Home > News and contents > Large Hadron Collider Enables Hunt For ‘God’ Particle To Complete ‘Theory Of Everything’

Large Hadron Collider Enables Hunt For ‘God’ Particle To Complete ‘Theory Of Everything’

September 10, 2008 Ashutosh Kumar Roy

The UW, led by professors Henry Lubatti in physics and Colin Daly in mechanical engineering, played a central role in designing and fabricating nearly 90,000 tubes that are key to the workings of the Atlas detector. Atlas is one of six particle physics experiments that are part of the Large Hadron Collider at the European Organization for Nuclear Research, known as CERN, near Geneva, Switzerland.

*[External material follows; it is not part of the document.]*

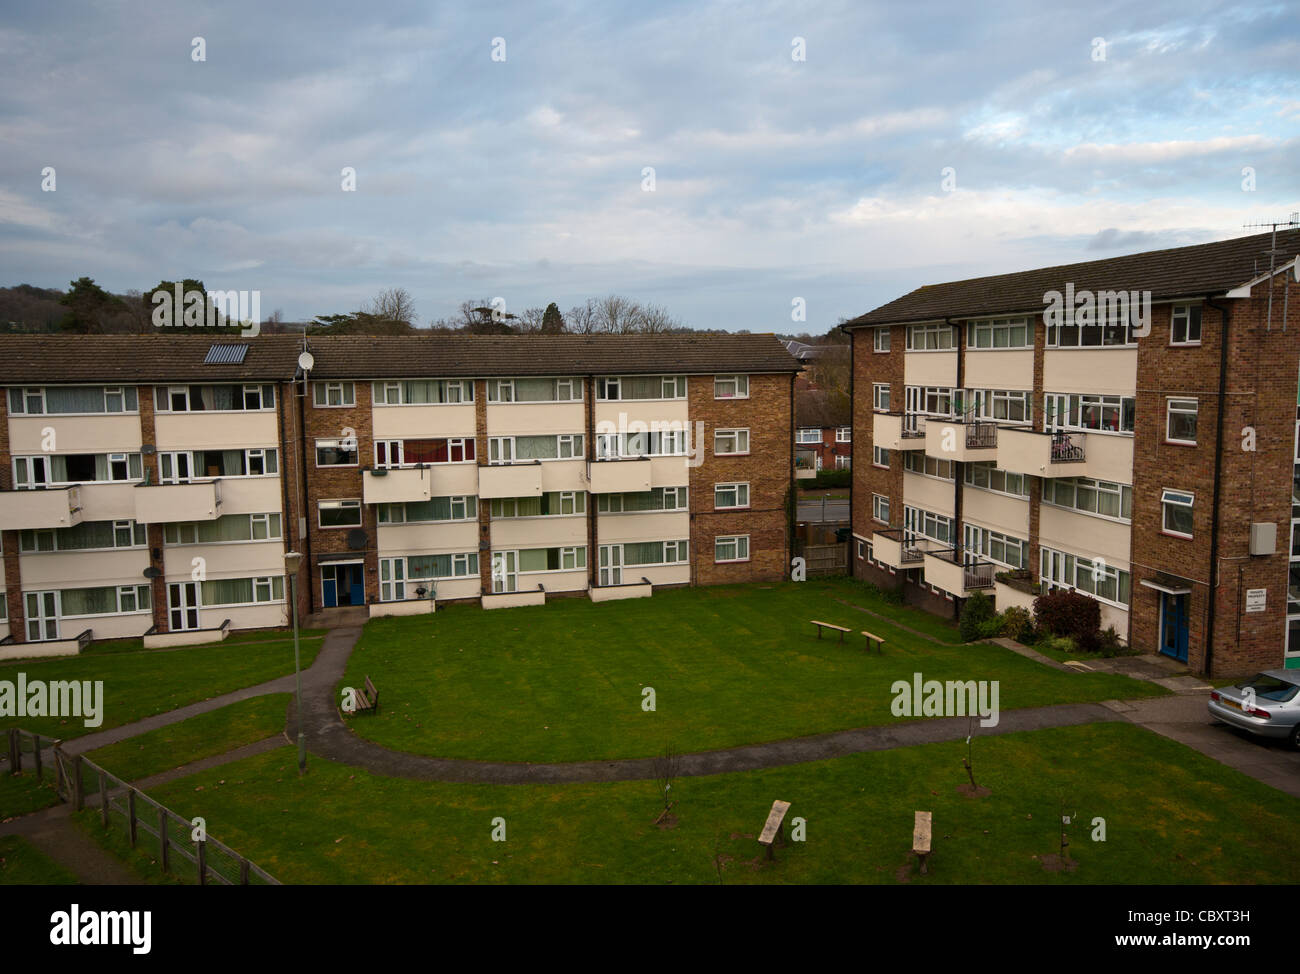 UK Residential council Housing Estate Estates With Blocks Of Maisonettes Flats Stock Photo

The scientists are looking for other information that will help them to fill gaps in what they call the Standard Model of particle physics, a framework that explains the fundamental forces of nature. The Standard Model explains the way particle interactions create the strong nuclear force, the electroweak force and electromagnetism, and how those forces work with each other, but aspects of those interactions still are not well understood. The Large Hadron Collider also could lead to better understanding of the fourth fundamental force — gravity — in terms of particle interactions, and help solve the puzzle of why gravity, while perhaps most recognizable to a lay observer, is the weakest of the fundamental forces.